> PROBLEM DETAILS: Your task is to print all of the data below exactly, with no pictures included.

> COLLECTED MATERIAL:
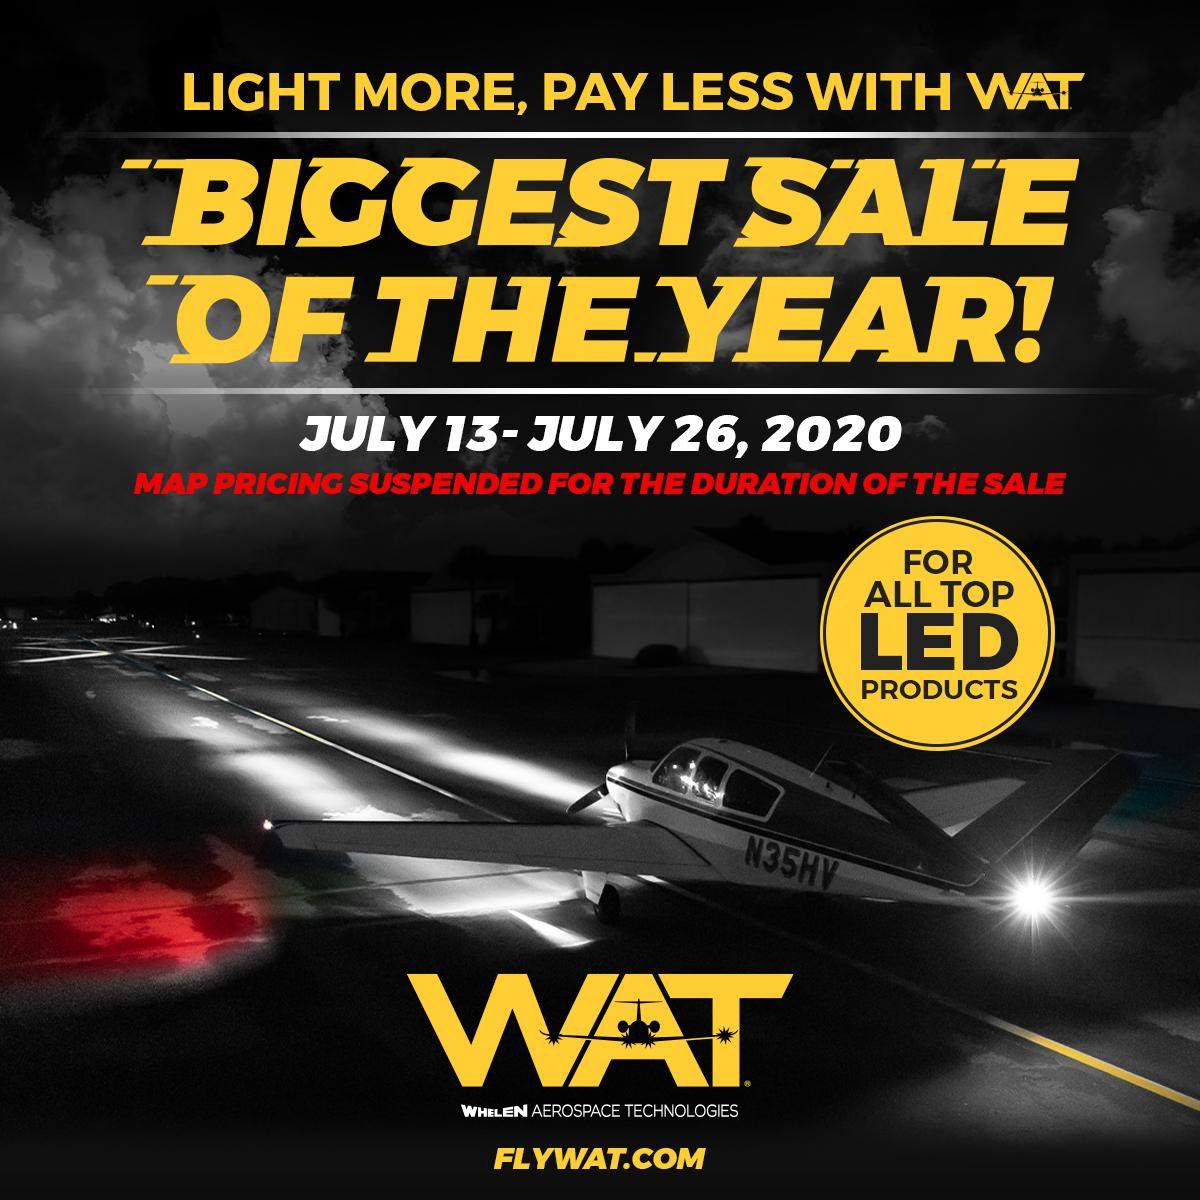 FS: WAT LED/HID Summer Promotion! 10% Off LED Lighting - Avionics / Parts  Classifieds -  - A community for Mooney aircraft owners and  enthusiasts
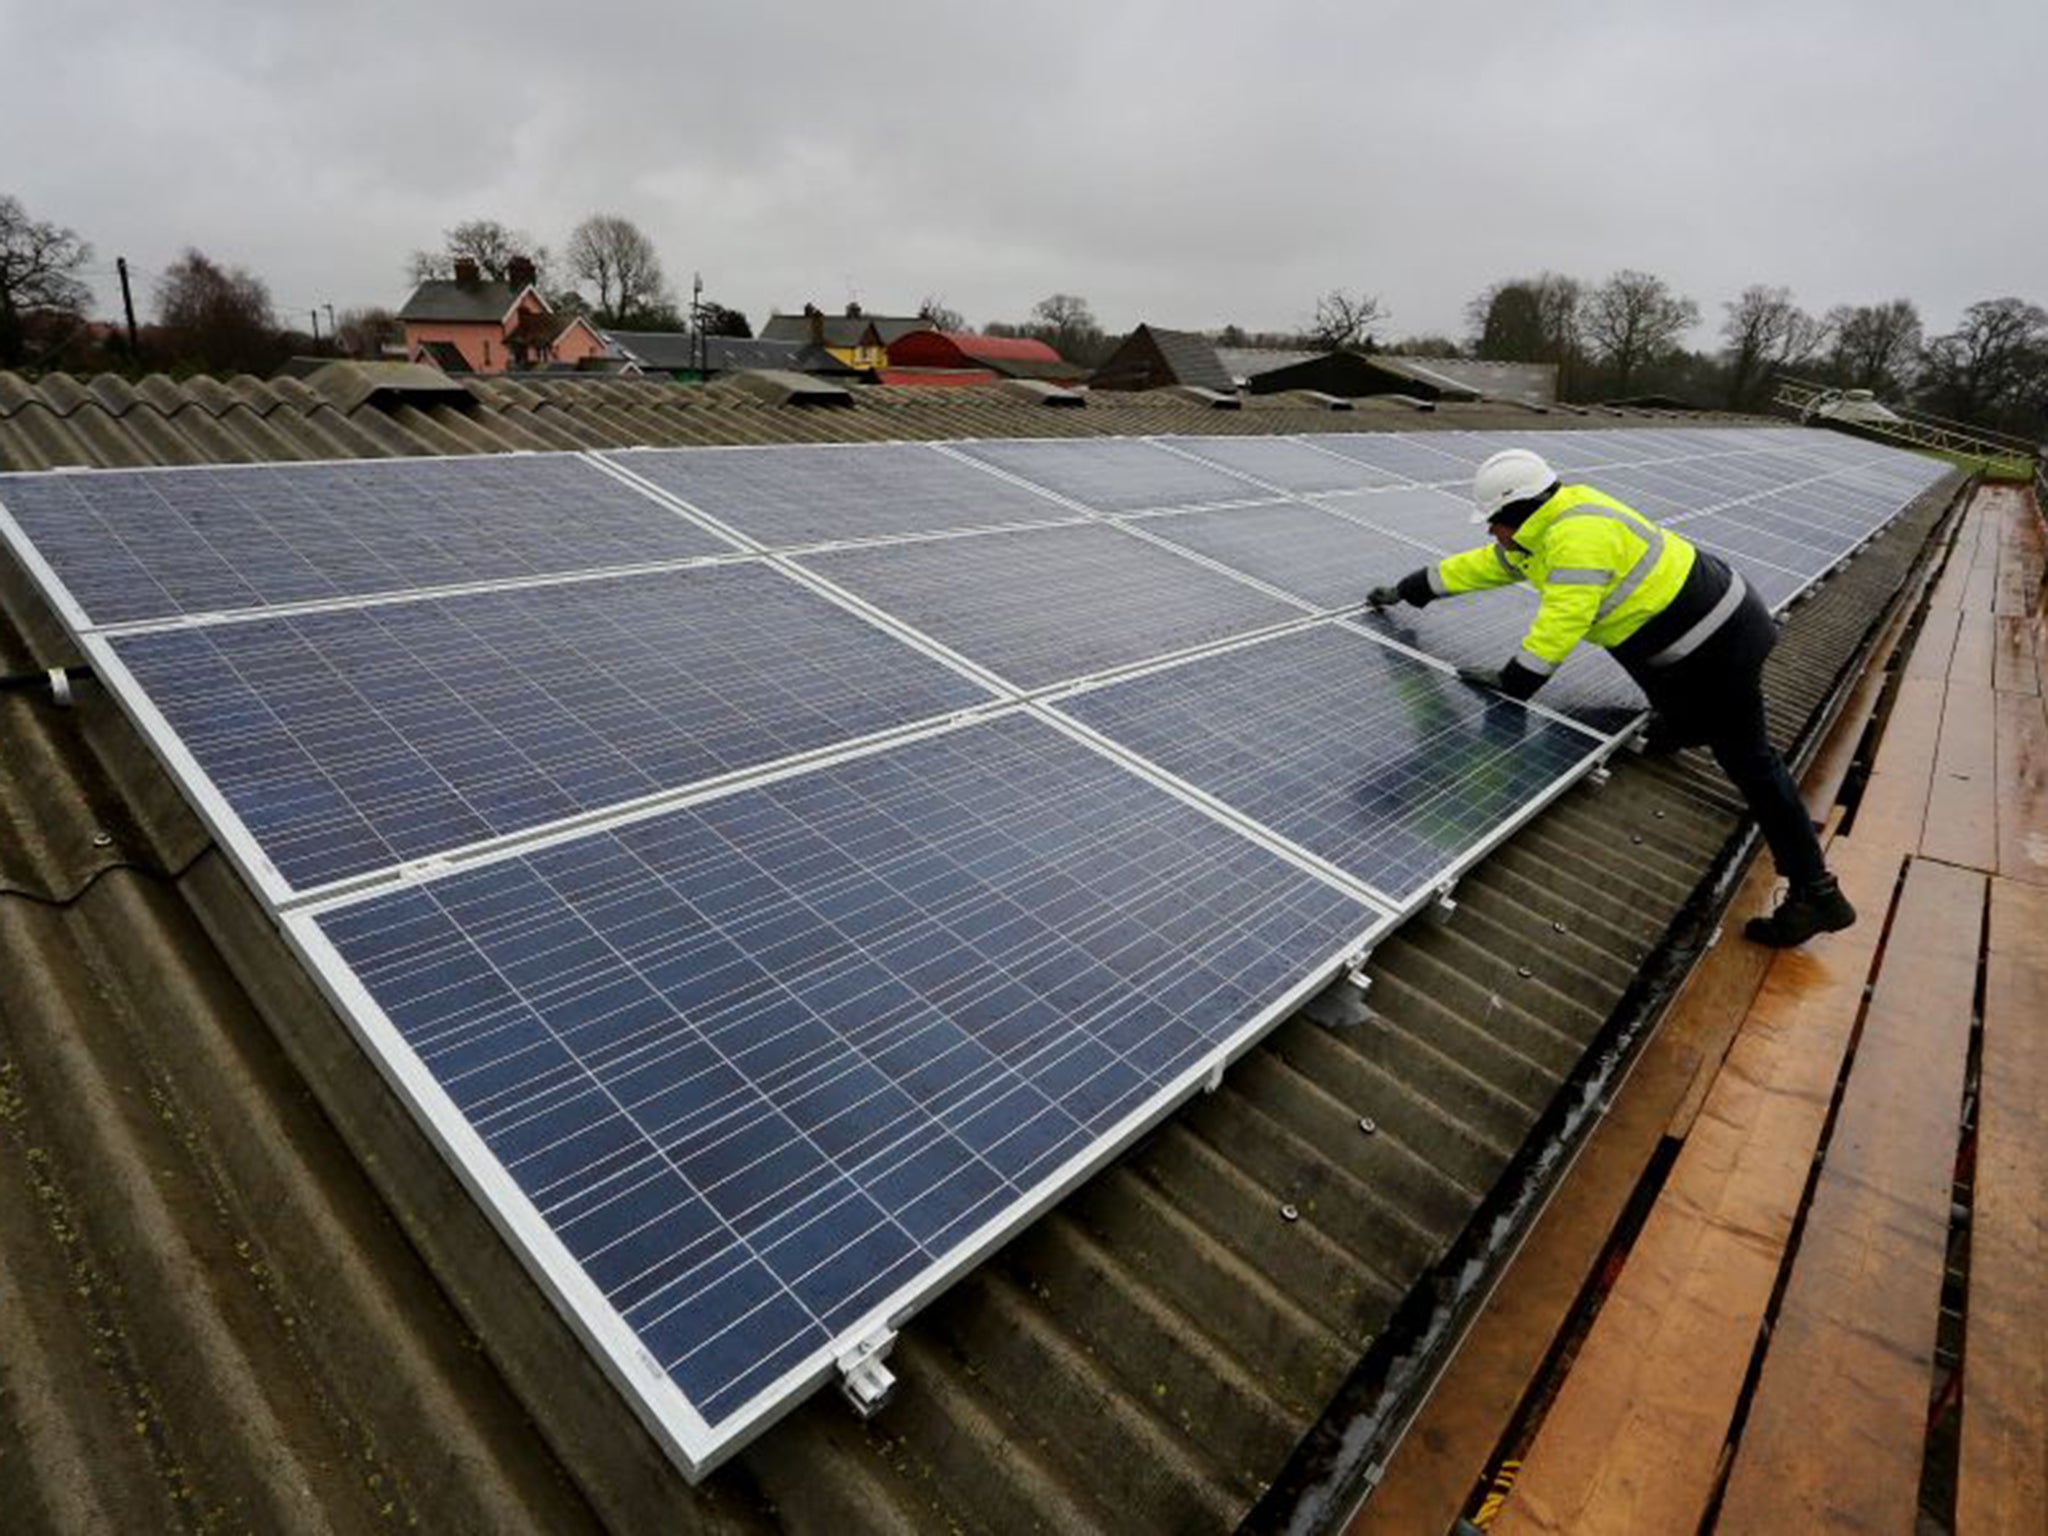 Leo Smith, project manager with Southern Solar, at work in West Sussex, before the company went out of business
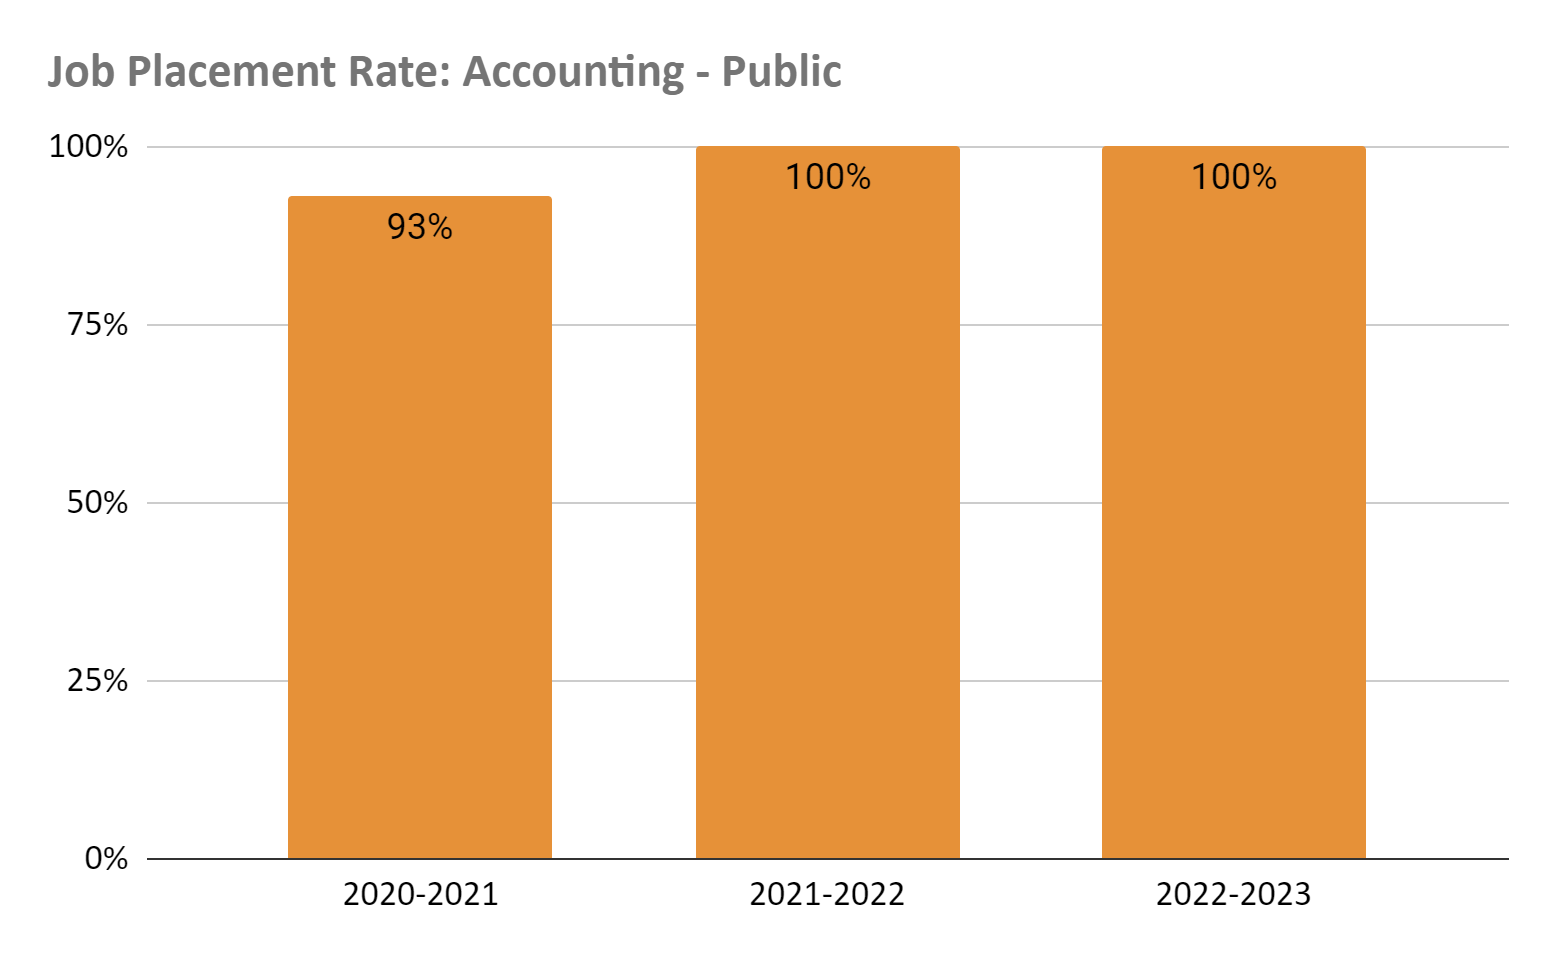 Job Placement Rate - Accounting
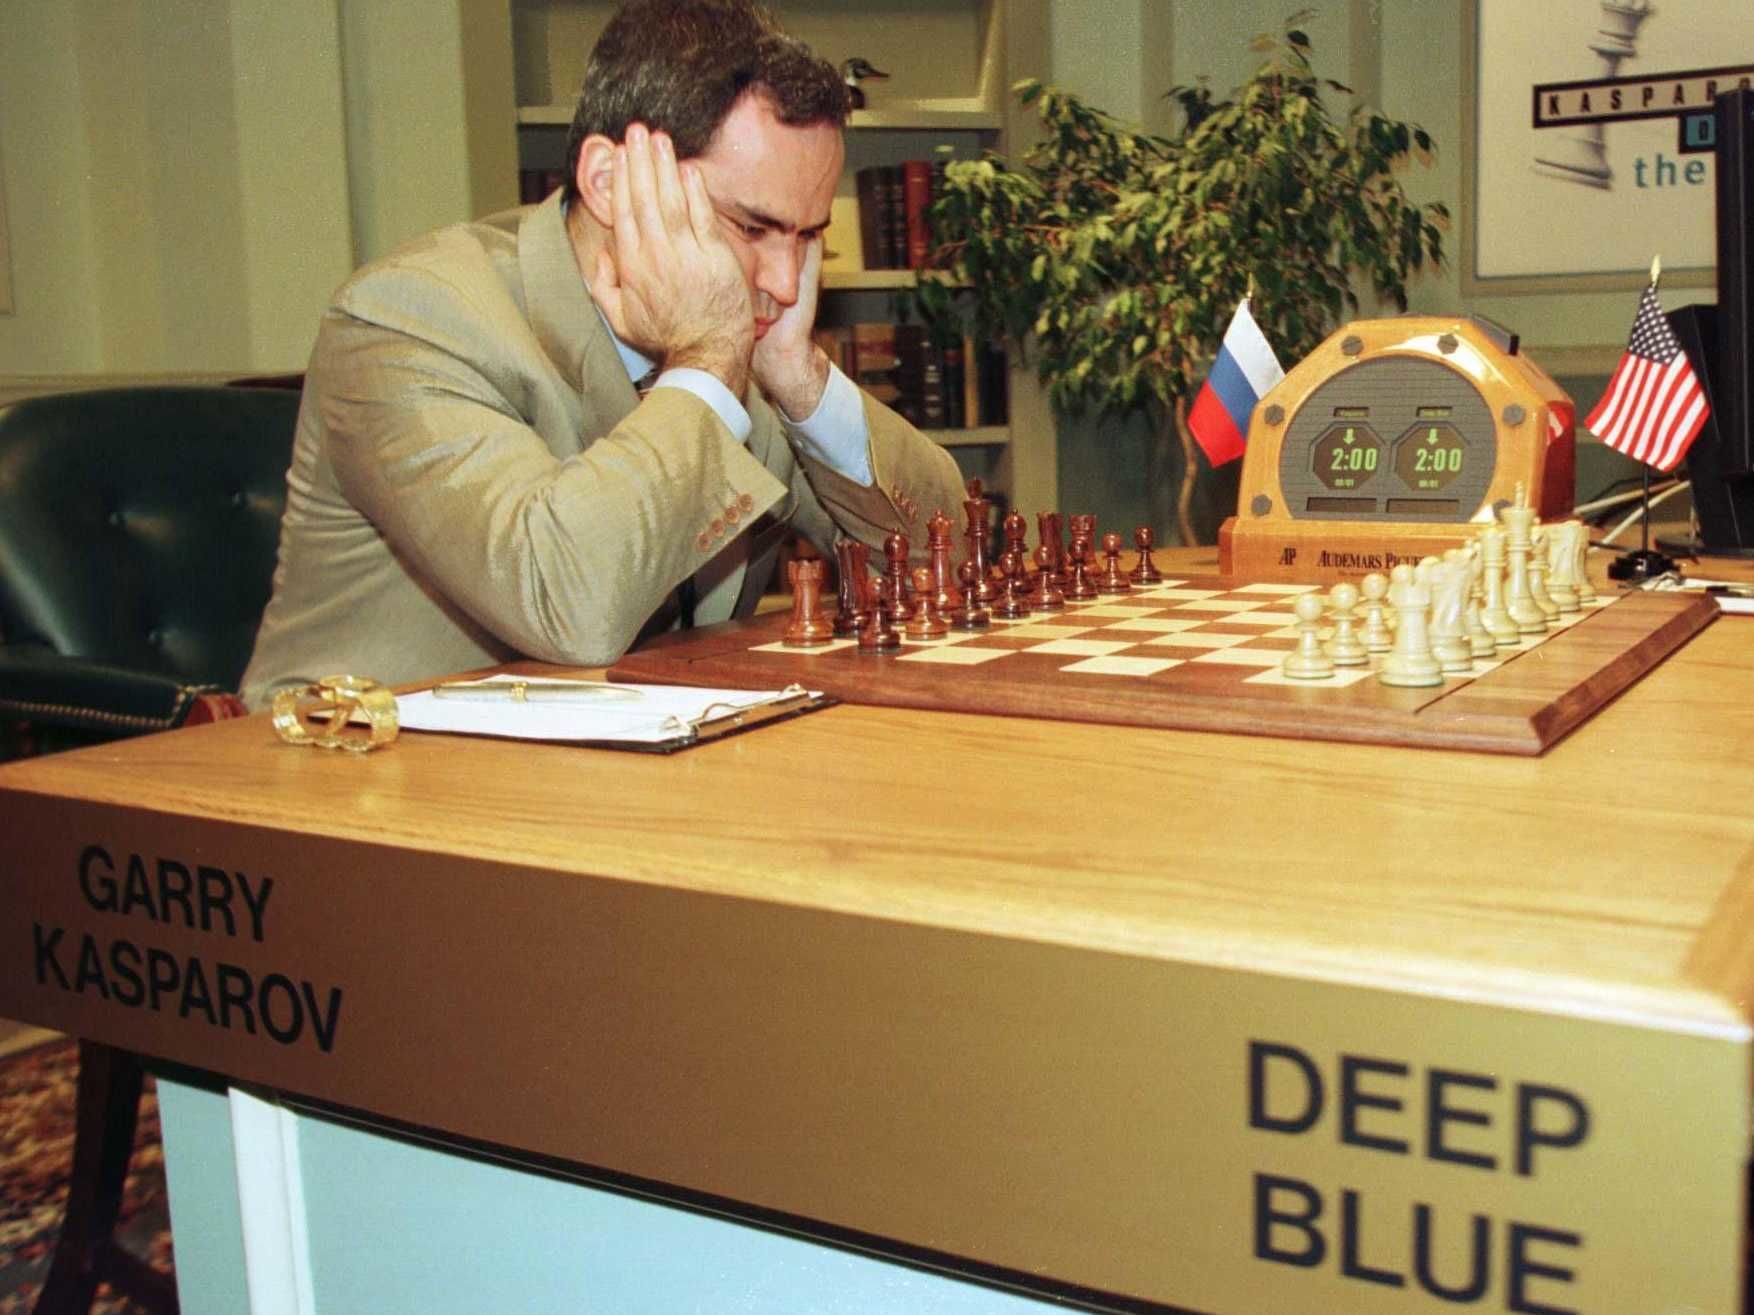 a-machine-is-about-to-do-to-cancer-treatment-what-deep-blue-did-to-garry-kasparov-in-chess.jpg

> SOLVED PROBLEM:
 FS: WAT LED/HID Summer Promotion! 10% Off LED Lighting - Avionics / Parts  Classifieds -  - A community for Mooney aircraft owners and  enthusiasts
 Leo Smith, project manager with Southern Solar, at work in West Sussex, before the company went out of business
 Job Placement Rate - Accounting
 a-machine-is-about-to-do-to-cancer-treatment-what-deep-blue-did-to-garry-kasparov-in-chess.jpg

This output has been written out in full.